* **Collection entries**:
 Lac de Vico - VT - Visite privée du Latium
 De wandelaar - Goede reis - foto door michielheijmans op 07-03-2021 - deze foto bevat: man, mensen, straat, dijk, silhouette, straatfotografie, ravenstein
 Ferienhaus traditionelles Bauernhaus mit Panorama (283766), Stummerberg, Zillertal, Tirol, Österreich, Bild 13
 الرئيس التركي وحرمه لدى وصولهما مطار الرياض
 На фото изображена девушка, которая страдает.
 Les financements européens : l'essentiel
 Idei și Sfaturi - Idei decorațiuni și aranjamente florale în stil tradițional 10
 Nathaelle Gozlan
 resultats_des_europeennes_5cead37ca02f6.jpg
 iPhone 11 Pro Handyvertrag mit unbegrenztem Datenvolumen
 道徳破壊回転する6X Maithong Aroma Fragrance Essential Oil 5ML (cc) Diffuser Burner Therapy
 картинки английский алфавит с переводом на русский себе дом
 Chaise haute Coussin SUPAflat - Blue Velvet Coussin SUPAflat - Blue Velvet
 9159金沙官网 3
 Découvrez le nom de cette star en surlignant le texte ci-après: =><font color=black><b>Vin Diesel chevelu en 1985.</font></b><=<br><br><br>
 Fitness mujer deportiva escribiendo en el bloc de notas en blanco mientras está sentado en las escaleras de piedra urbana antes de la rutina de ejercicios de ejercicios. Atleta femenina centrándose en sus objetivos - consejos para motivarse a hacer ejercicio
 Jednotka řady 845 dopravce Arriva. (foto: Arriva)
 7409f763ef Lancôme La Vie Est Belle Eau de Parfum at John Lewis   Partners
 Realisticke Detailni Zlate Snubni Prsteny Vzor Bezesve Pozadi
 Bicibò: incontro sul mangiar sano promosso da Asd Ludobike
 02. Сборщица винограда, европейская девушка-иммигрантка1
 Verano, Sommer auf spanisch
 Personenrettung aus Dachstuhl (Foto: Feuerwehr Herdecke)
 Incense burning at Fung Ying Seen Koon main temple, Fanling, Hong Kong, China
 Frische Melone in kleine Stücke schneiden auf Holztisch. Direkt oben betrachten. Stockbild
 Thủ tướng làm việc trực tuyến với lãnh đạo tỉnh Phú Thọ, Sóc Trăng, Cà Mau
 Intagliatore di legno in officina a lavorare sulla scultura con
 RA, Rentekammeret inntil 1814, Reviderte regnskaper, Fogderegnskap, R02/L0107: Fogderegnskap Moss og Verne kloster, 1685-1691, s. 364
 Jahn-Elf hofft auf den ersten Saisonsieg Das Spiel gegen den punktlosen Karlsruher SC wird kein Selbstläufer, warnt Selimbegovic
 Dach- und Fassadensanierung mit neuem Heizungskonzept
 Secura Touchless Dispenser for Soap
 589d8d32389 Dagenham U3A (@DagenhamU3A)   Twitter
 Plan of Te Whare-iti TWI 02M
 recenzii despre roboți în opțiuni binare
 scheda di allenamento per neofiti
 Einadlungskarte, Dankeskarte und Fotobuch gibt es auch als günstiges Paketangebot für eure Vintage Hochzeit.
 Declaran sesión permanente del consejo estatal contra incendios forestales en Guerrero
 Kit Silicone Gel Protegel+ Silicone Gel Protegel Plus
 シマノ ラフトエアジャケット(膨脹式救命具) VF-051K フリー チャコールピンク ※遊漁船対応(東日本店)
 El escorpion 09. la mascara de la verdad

* **TASK DIRECTIONS**: Copy, please, every line from the start of the entries down to the line that holds "De wandelaar - Goede", with both of those lines included and no others.

* **RESPONSE AREA**:
 Lac de Vico - VT - Visite privée du Latium
 De wandelaar - Goede reis - foto door michielheijmans op 07-03-2021 - deze foto bevat: man, mensen, straat, dijk, silhouette, straatfotografie, ravenstein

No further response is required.